# [Task details]
The pictures are to be left out when the listing below is reproduced word for word.

# [Stored data]
※ ※ ※

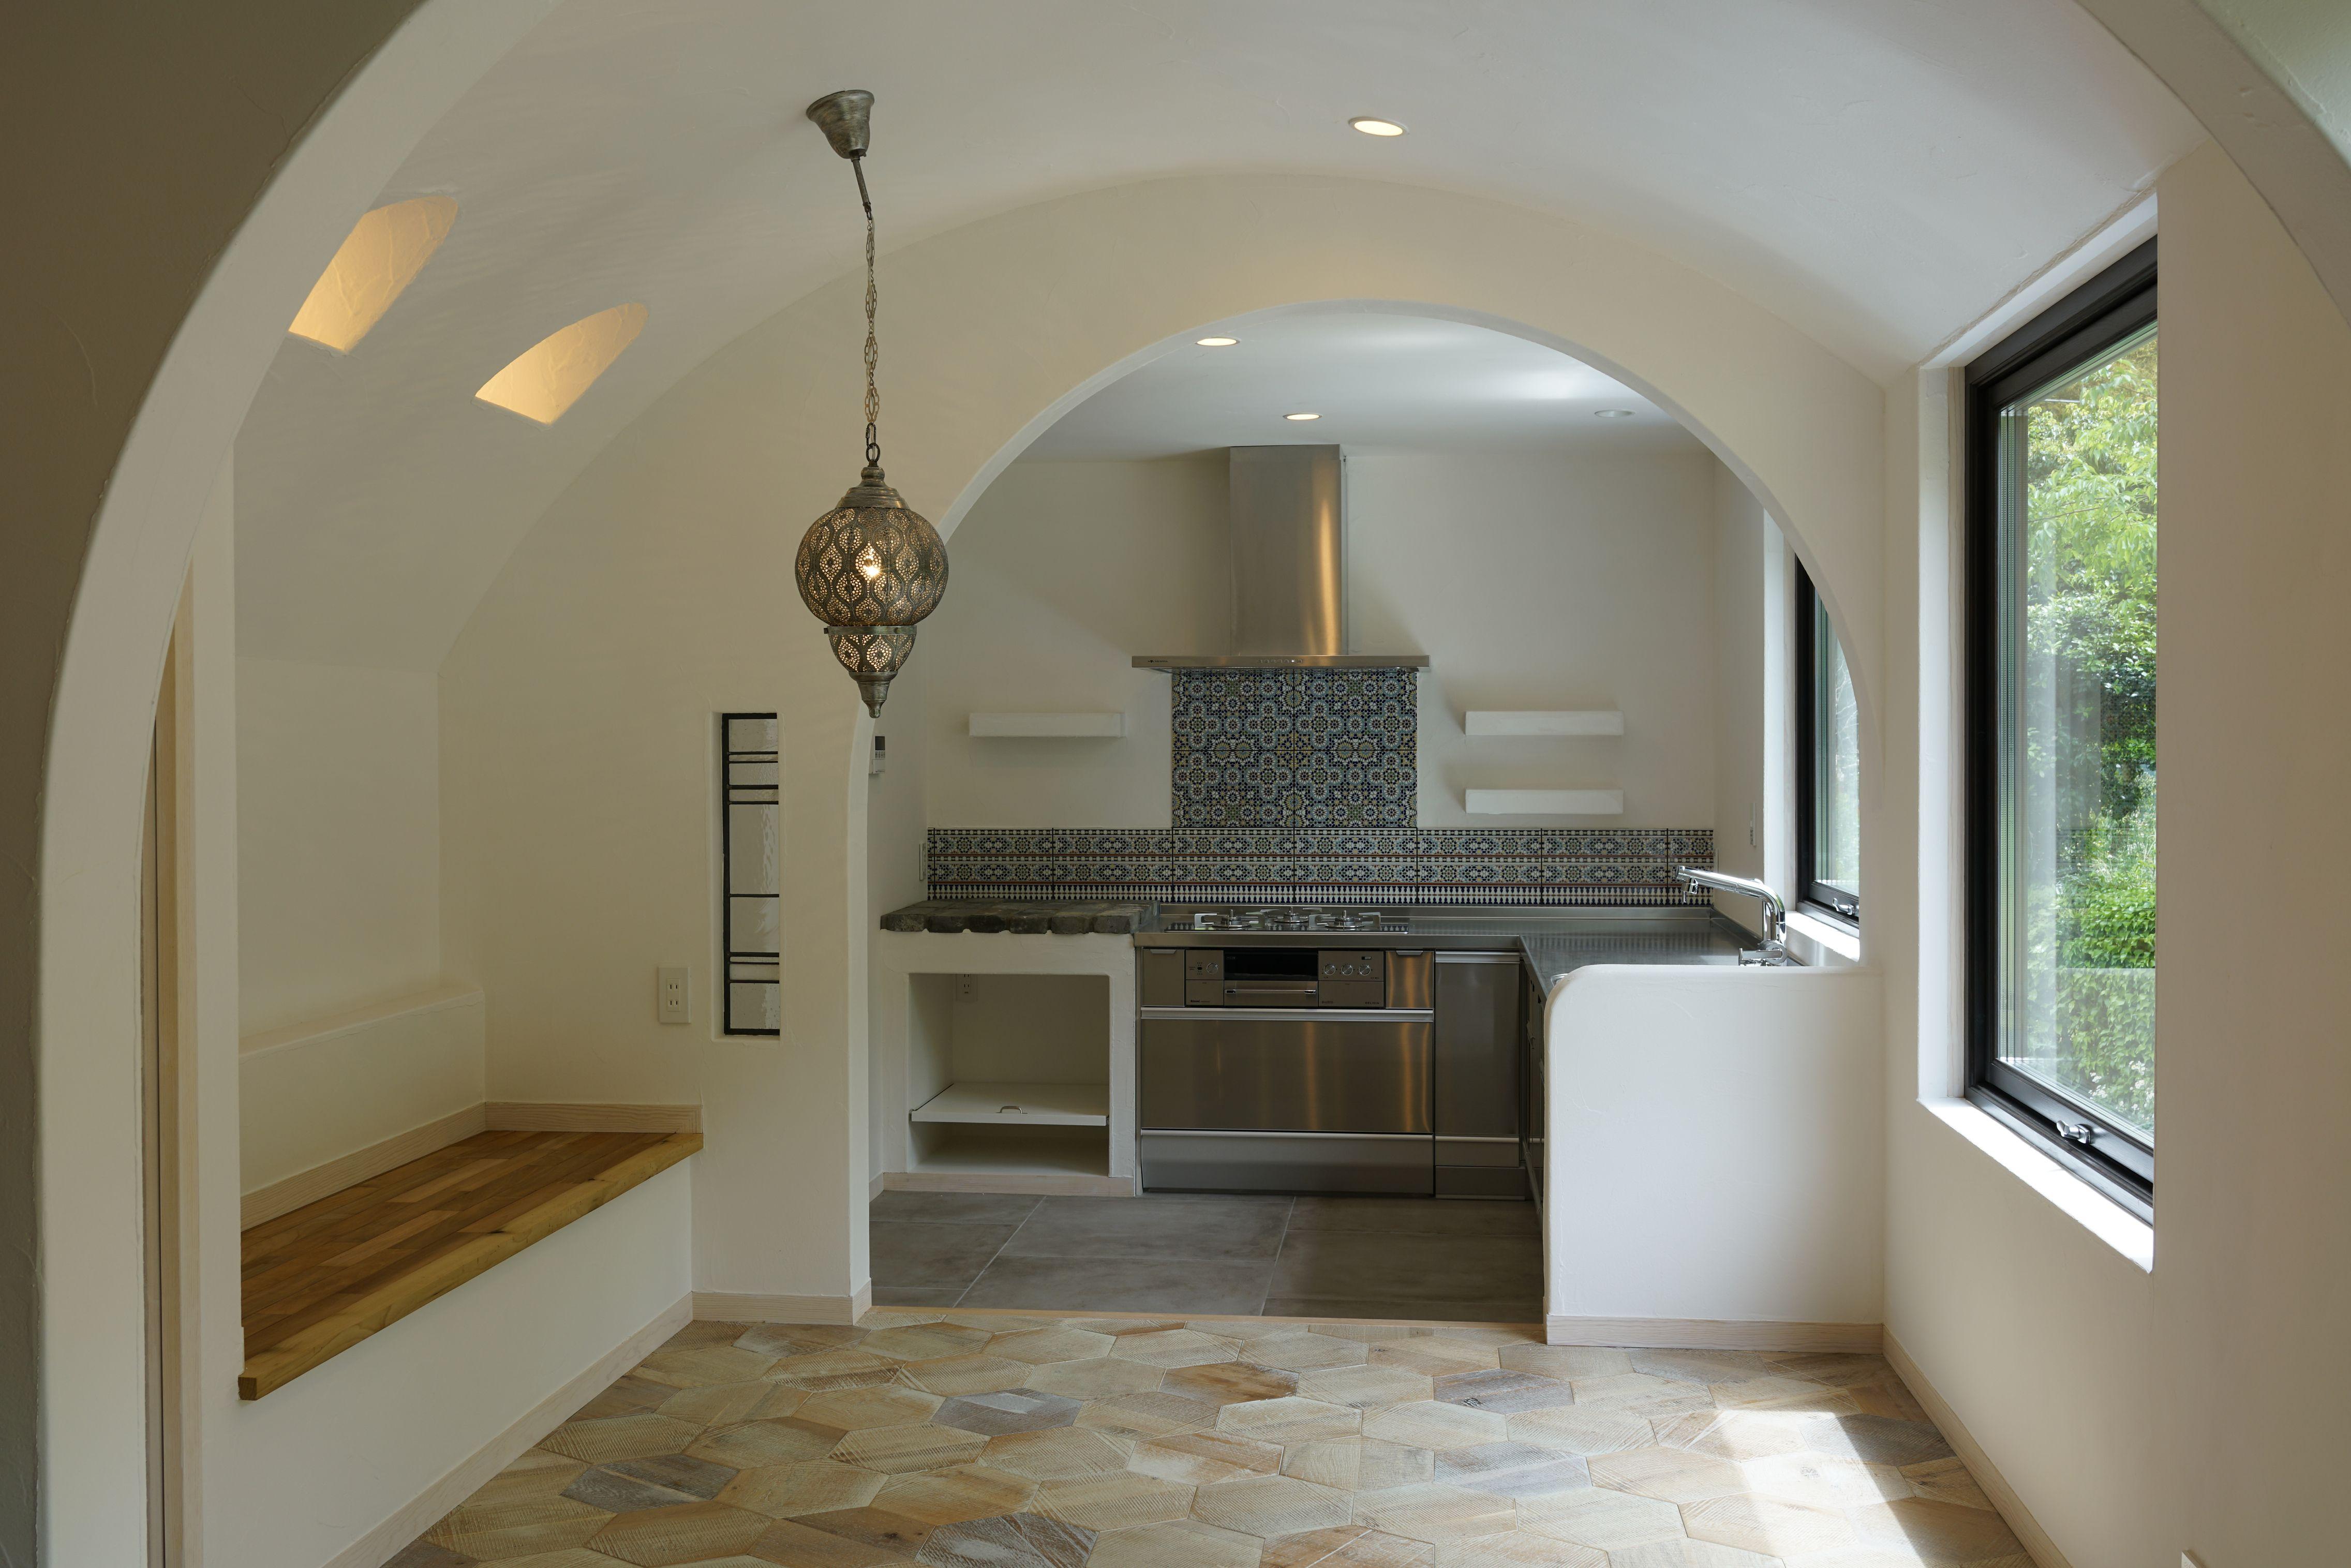 home design dining kitchen tepee heart hexagon morocco ドーム
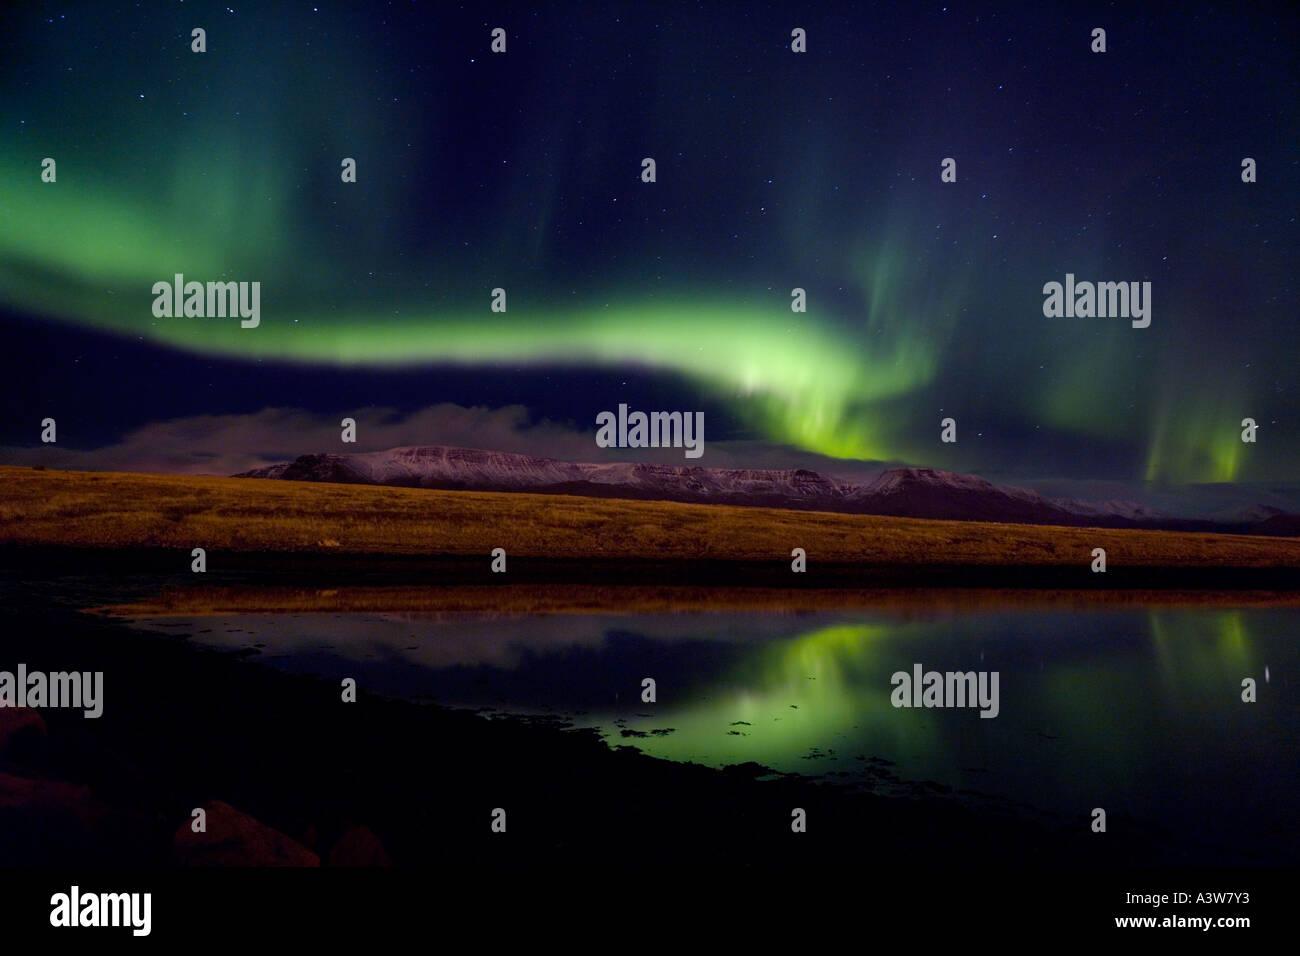 Aurora Borealis, Northern Lights, Iceland, Mt Esja, Iceland Stock Photo
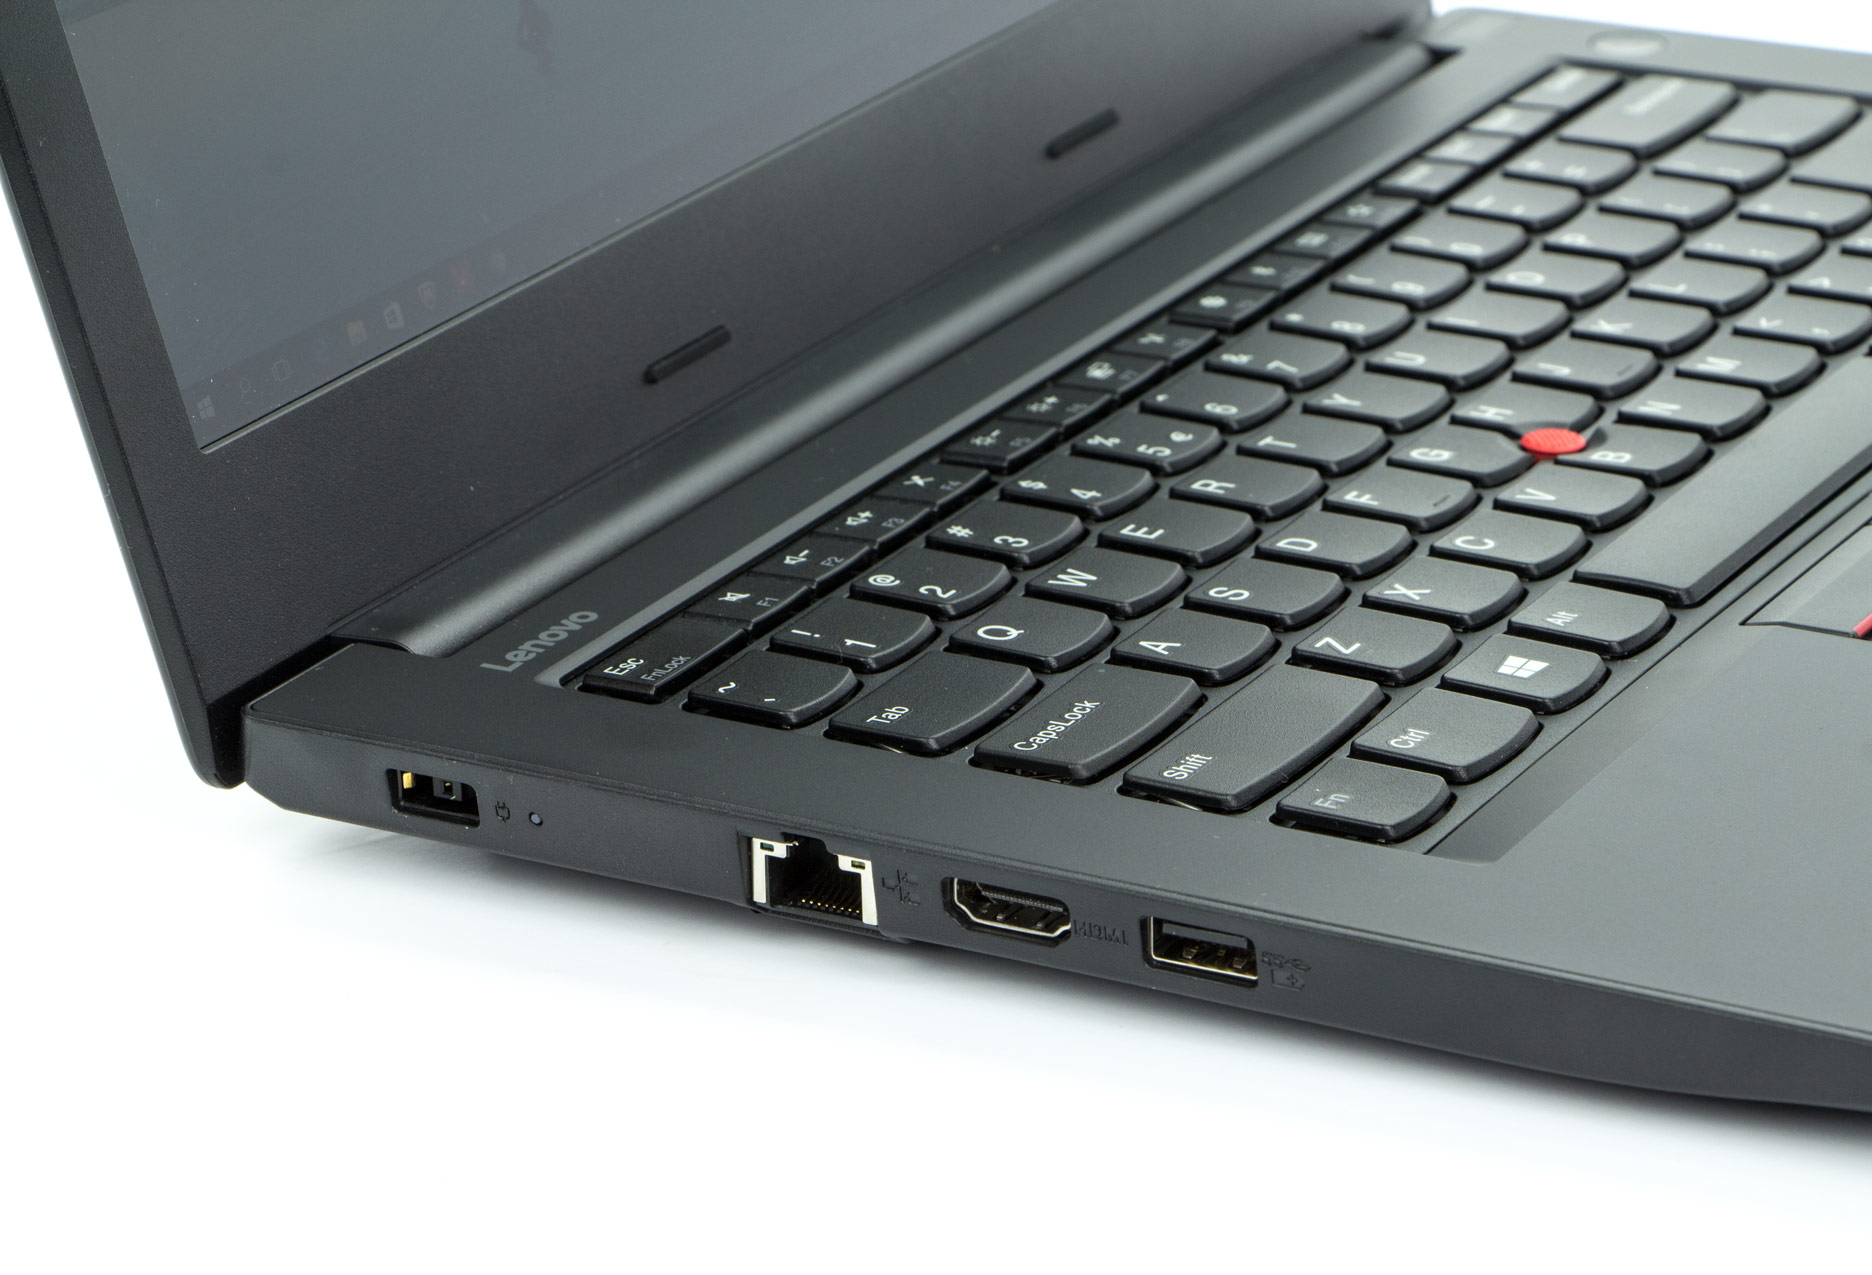 Lenovo ThinkPad E470 lewy bok

※ ※ ※

# [Output of the exercise]
 home design dining kitchen tepee heart hexagon morocco ドーム
 Aurora Borealis, Northern Lights, Iceland, Mt Esja, Iceland Stock Photo
 Lenovo ThinkPad E470 lewy bok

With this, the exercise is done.